运行正确初始化,但是当我的训练脚本使用第一组超参数运行时,出现以下错误

2020-08-14 14:09:07,109 - wandb.wandb_agent - INFO - About to run command: /usr/bin/env python train_sweep.py --LR=0.02537477586974176
Traceback (most recent call last):
  File "train_sweep.py",line 1,in <module>
    import yaml
ImportError: No module named yaml

yaml已安装并正常工作。
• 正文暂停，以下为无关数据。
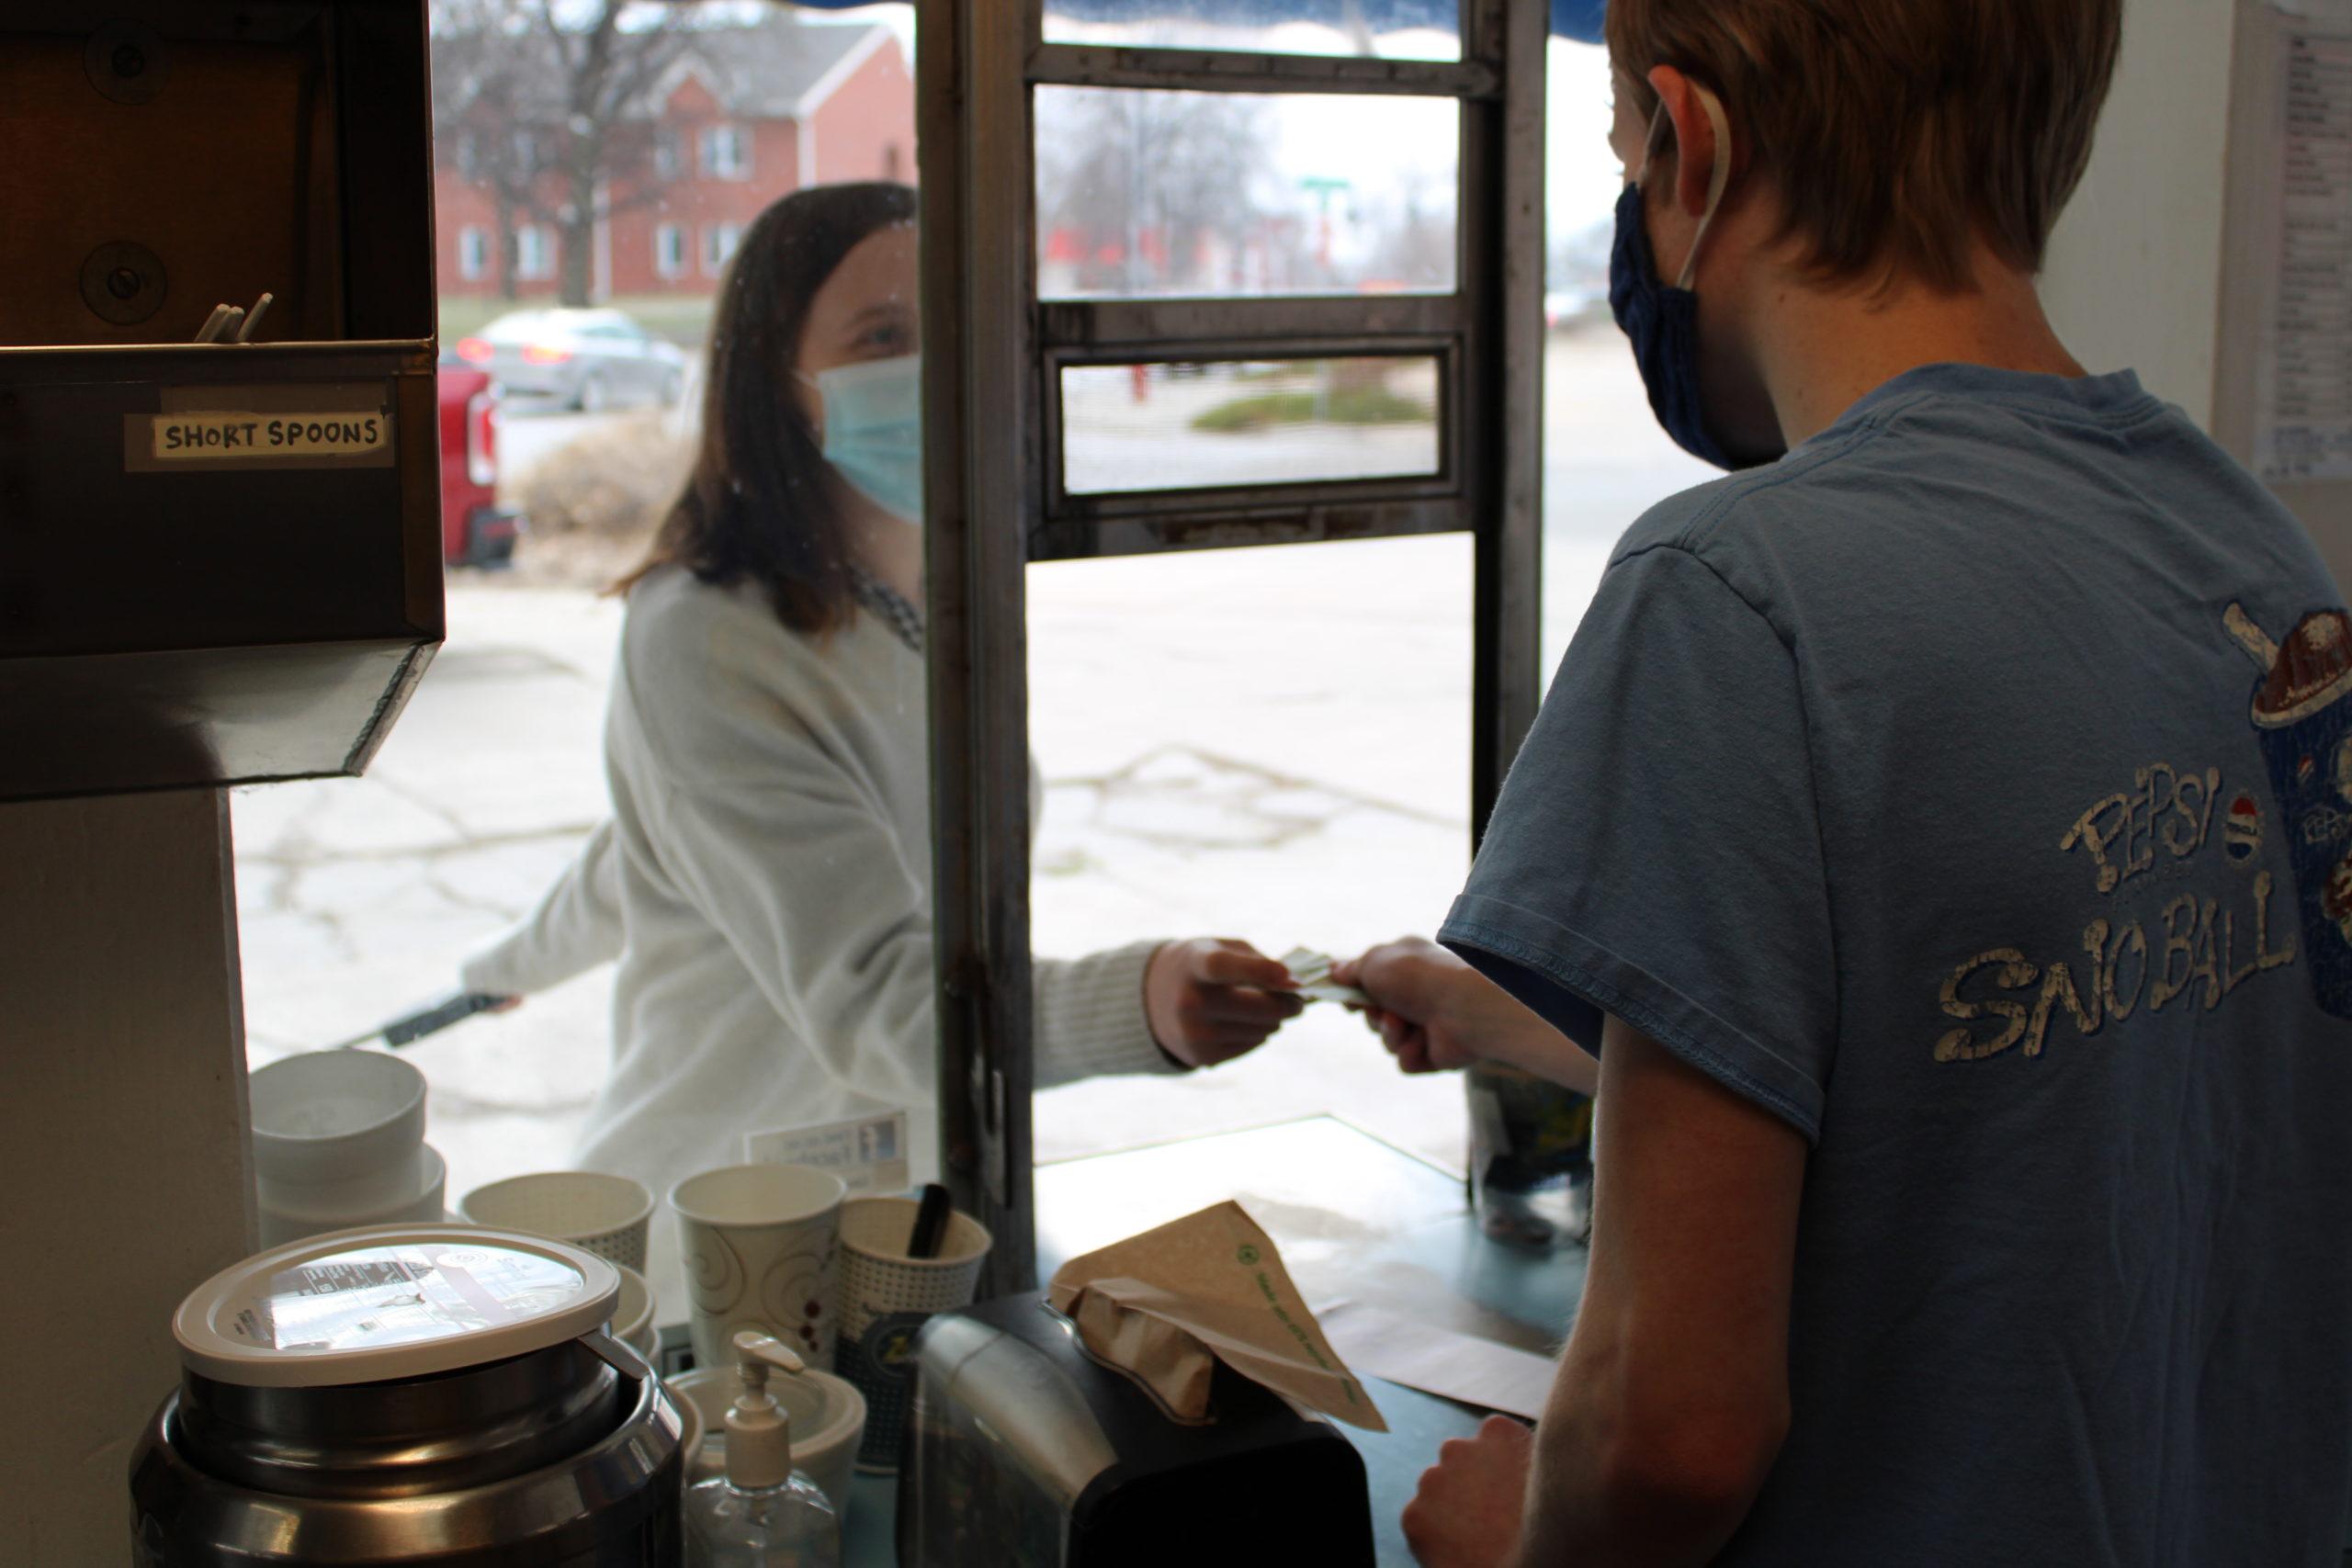 Employee working with customer

我可以通过手动设置参数来训练网络,但不能通过参数扫描来训练网络。

这是我训练VAE的扫描脚本:

import yaml
import numpy as np
import ipdb
import torch
from vae_experiment import VAEXperiment
import torch.backends.cudnn as cudnn
from pytorch_lightning import Trainer
from pytorch_lightning.loggers import WandbLogger
from pytorch_lightning.callbacks import EarlyStopping
from vae_network import VanillaVAE
import os
import wandb
from utils import get_config,log_to_wandb

# Sweep parameters
hyperparameter_defaults = dict(
    root='data_semantics',gpus=1,batch_size = 2,lr = 1e-3,num_layers = 5,features_start = 64,bilinear = False,grad_batches = 1,epochs = 20
)

wandb.init(config=hyperparameter_defaults)
config = wandb.config

def main(hparams):

    model = VanillaVAE(hparams['exp_params']['img_size'],**hparams['model_params'])
    model.build_layers()
    experiment = VAEXperiment(model,hparams['exp_params'],hparams['parameters'])

    logger = WandbLogger(
        project='vae',name=config['logging_params']['name'],version=config['logging_params']['version'],save_dir=config['logging_params']['save_dir']
        )

    wandb_logger.watch(model.net)

    early_stopping = EarlyStopping(
       monitor='val_loss',min_delta=0.00,patience=3,verbose=False,mode='min'
    )

    runner = Trainer(weights_save_path="../../Logs/",min_epochs=1,logger=logger,log_save_interval=10,train_percent_check=1.,val_percent_check=1.,num_sanity_val_steps=5,early_stop_callback = early_stopping,**config['trainer_params']
     )

    runner.fit(experiment)

if __name__ == '__main__':
    main(config)

为什么会出现此错误

解决方法

您是否通过输入pythonpython3在shell中启动python? 您的脚本可能正在调用python 2而不是python 3。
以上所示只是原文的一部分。